Department of Oncology/Hematology, Buddhist Tzu Chi General Hospital, Institute of Medical Sciences, College of Medicine, Department of Medicine, Tzu-Chi University, Hualien, Taiwan.
Leuk Res. 2011 Jul;35(7):868-73. doi: 10.1016/j.leukres.2011.02.016. Epub 2011 Mar 12.
The aim of this study is to validate the clinical utility of the flow cytometric scoring system (FCSS), quantifying phenotypic aberrancies in the myelomonocytic lineages, in the diagnosis and prognosis for conventionally treated myelodysplastic syndromes (MDS) patients. The bone marrow samples from 56 consecutive newly diagnosed MDS patients were characterized by the FCSS and compared with findings in 27 non-MDS cytopenic patients. The FCSS scores were significantly higher in patients with MDS than those in the non-MDS control. A flow score of 2 or more allowed for a specificity of 100% with 75% sensitivity in distinguishing these two groups. The FCSS scores correlated directly with validated prognostic systems including WHO classification, International Prognostic Scoring System (IPSS), WHO-adjusted prognostic scoring system (WPSS) and transfusion dependency. The median survival of conventionally treated MDS patients was directly related to FCSS group; severe: 6 months; moderate: 19 months and normal/mild: not reached. The multivariate analyses suggested the FCSS risk categories were an independent prognostic factor after adjustment for sex, age (above or below 70 years), IPSS or WPSS risk categories. These results confirm that quantifying aberrancies in the myelomonocytic lineage by FCSS is useful in MDS diagnosis and extends the prognostic utility for conventionally treated/untreated patients, especially among patients classified within the refractory cytopenia with multilineage dysplasia (RCMD) subgroup.

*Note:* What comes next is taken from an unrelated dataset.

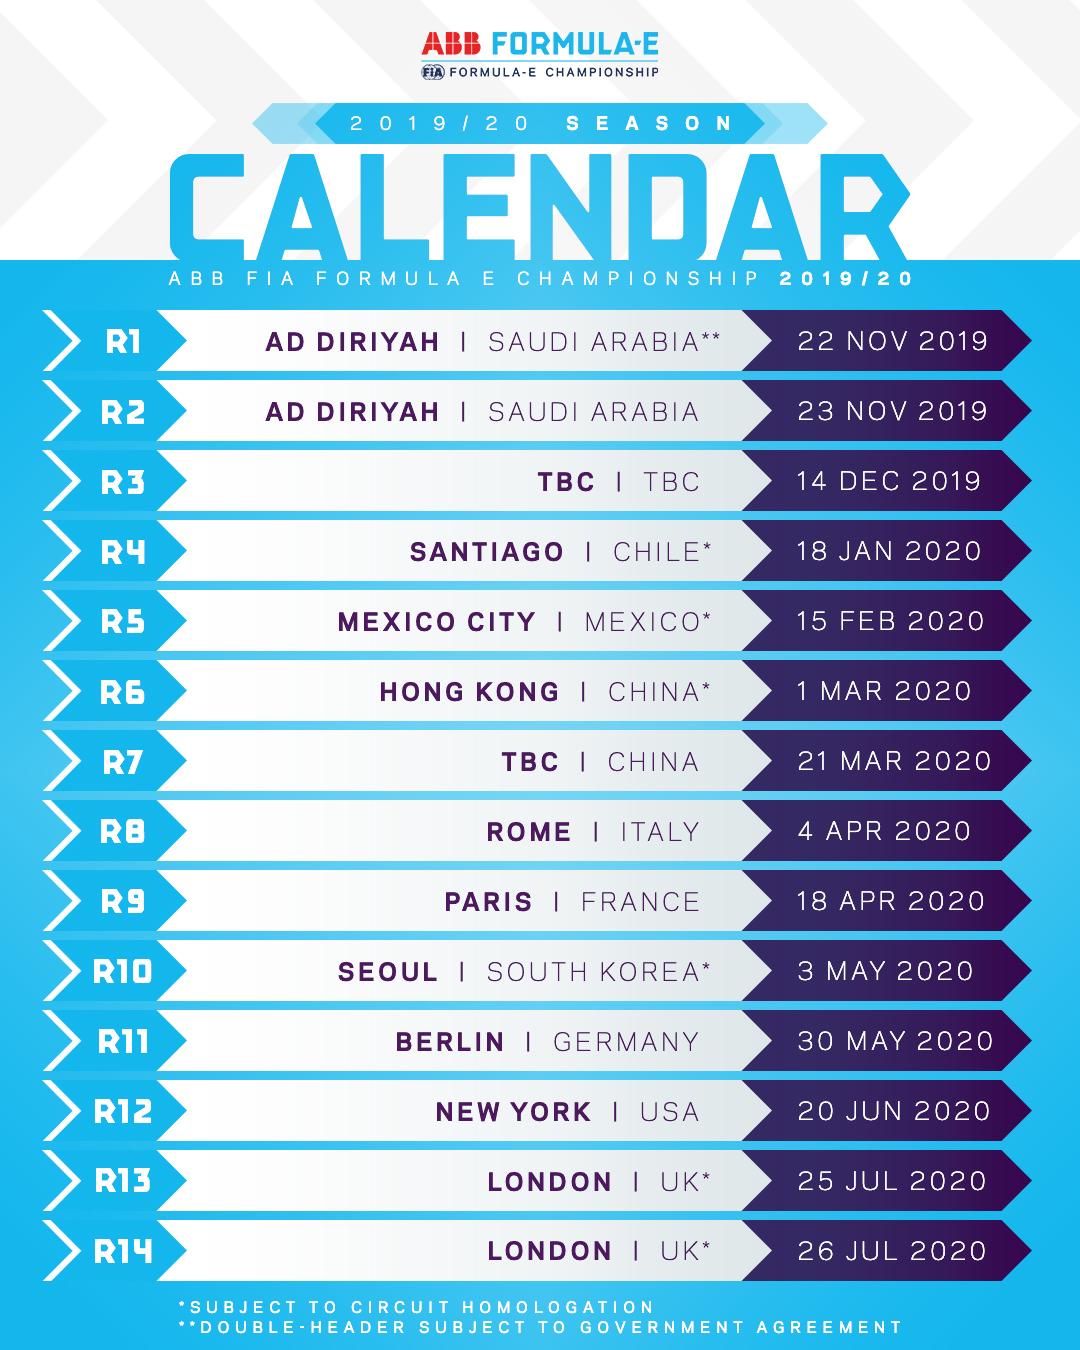 Neel Jani official page | FIA Releases 2019/2020 Formula E Calendar

本研究旨在验证流式细胞术评分系统(FCSS)的临床实用性,该系统可量化骨髓髓系前体细胞的表型异常,用于诊断和预测传统治疗的骨髓增生异常综合征(MDS)患者的预后。对 56 例新诊断的 MDS 患者的骨髓样本进行了 FCSS 特征分析,并与 27 例非 MDS 血细胞减少症患者的结果进行了比较。MDS 患者的 FCSS 评分明显高于非 MDS 对照组。FCSS 评分≥2 分可特异性为 100%,敏感性为 75%,可区分这两组。FCSS 评分与包括 WHO 分类、国际预后评分系统(IPSS)、WHO 调整预后评分系统(WPSS)和输血依赖性在内的验证性预后系统直接相关。传统治疗的 MDS 患者的中位生存期与 FCSS 组直接相关;严重组为 6 个月;中度组为 19 个月;正常/轻度组未达到。多变量分析表明,在调整性别、年龄(>70 岁或<70 岁)、IPSS 或 WPSS 风险类别后,FCSS 风险类别是独立的预后因素。这些结果证实,通过 FCSS 定量评估骨髓髓系前体细胞的异常在 MDS 的诊断中是有用的,并扩展了传统治疗/未治疗患者的预后实用性,尤其是在难治性血细胞减少伴多系发育异常(RCMD)亚组患者中。